Deterministic train/val/test splits grouped by filename or path-derived features (prevents related files leaking across sets).

```python
from filoma import probe_to_df, ml

# Create DataFrame from directory
df = probe_to_df('.') # DataFrame with 'path'
# A method can discover filename tokens that can be used for grouping
# e.g., 'sample1_imageA.png' -> token1='sample1', token2='imageA'
df = ml.discover_filename_features(df, sep='_', prefix=None)  # adds token1, token2, ...

# `auto_split` can now use these tokens to group files
train, val, test = ml.auto_split(df, train_val_test=(70,15,15))
print(len(train), len(val), len(test))

# Or group by parent folder instead (parts index -2)
train_p, val_p, test_p = ml.auto_split(df, how='parts', parts=(-2,), seed=42)

# You can also choose what return type you want (filoma, polars or pandas)
# with 'filoma' being the default, you can also make use of cool methods like `.add_file_stats_cols()`
# that uses the filoma file profiling under the hood
train_f, val_f, test_f = ml.auto_split(df, return_type='filoma')
```
Notes: hash-based & deterministic; if splits drift from the ratios requested, then a warning is logged.
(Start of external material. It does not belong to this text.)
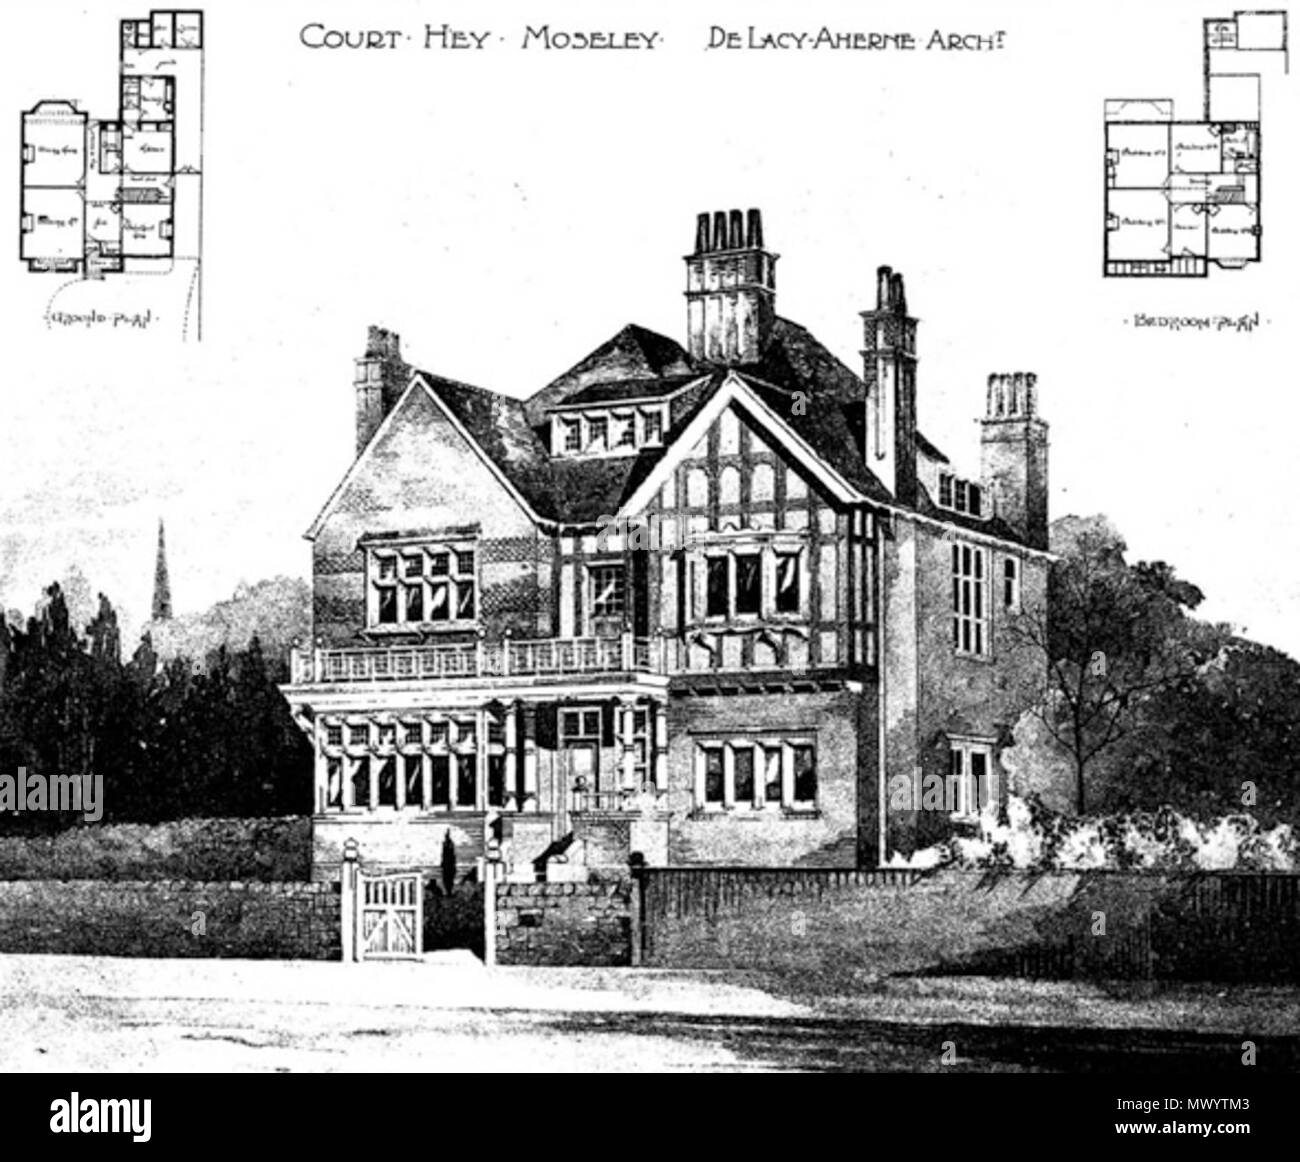 . English: Drawing of Court Hey in Moseley, Birmingham by William de Lacy Aherne, published in The Building News, April 8th 1880 . 20 September 2010, 14:51:26. William de Lacy Aherne 146 Court Hey, Moseley - William De Lacy Aherne Stock Photo

Use `verbose=False` to silence.  
To see some example usage, check out the [ml_examples notebook](notebooks/ml_examples.ipynb).

## Performance

**Automatic backend selection** for optimal speed:

| Backend | Speed | Use Case |
|---------|-------|----------|
| 🦀 **Rust** | ~70K files/sec | Large directories, DataFrame building |
| 🔍 **fd** | ~46K files/sec | Pattern matching, network filesystems |
| 🐍 **Python** | ~30K files/sec | Universal compatibility, reliable fallback |

*Cold cache benchmarks on NVMe SSD. See [benchmarks](docs/benchmarks.md) for detailed methodology.*

**System directories**: filoma automatically handles permission errors for directories like `/proc`, `/sys`.

## Installation & Setup

See [installation guide](docs/installation.md) for:
- Quick setup with uv/pip
- Optional performance optimization (Rust/fd)
- Verification and troubleshooting

## Documentation

- **[Installation Guide](docs/installation.md)** - Setup and optimization
- **[Backend Architecture](docs/backends.md)** - How the multi-backend system works
- **[Advanced Usage](docs/advanced-usage.md)** - DataFrame analysis, pattern matching, backend control
- **[Performance Benchmarks](docs/benchmarks.md)** - Detailed performance analysis and methodology

## Project Structure

```
src/filoma/
├── core/          # Backend integrations (fd, Rust)
├── directories/   # Directory analysis with 3 backends
├── files/         # File profiling and metadata
└── images/        # Image analysis (.tif, .png, .npy, .zarr)
```

## License

Shield: [![CC BY 4.0][cc-by-shield]][cc-by]

This work is licensed under a
[Creative Commons Attribution 4.0 International License][cc-by].

[![CC BY 4.0][cc-by-image]][cc-by]

[cc-by]: http://creativecommons.org/licenses/by/4.0/
[cc-by-image]: https://i.creativecommons.org/l/by/4.0/88x31.png
[cc-by-shield]: https://img.shields.io/badge/License-CC%20BY%204.0-lightgrey.svg

## Contributing

Contributions welcome! Please check the [issues](https://github.com/filoma/filoma/issues) for planned features and bug reports.

---

**filoma** - Fast, multi-backend file and directory analysis for Python.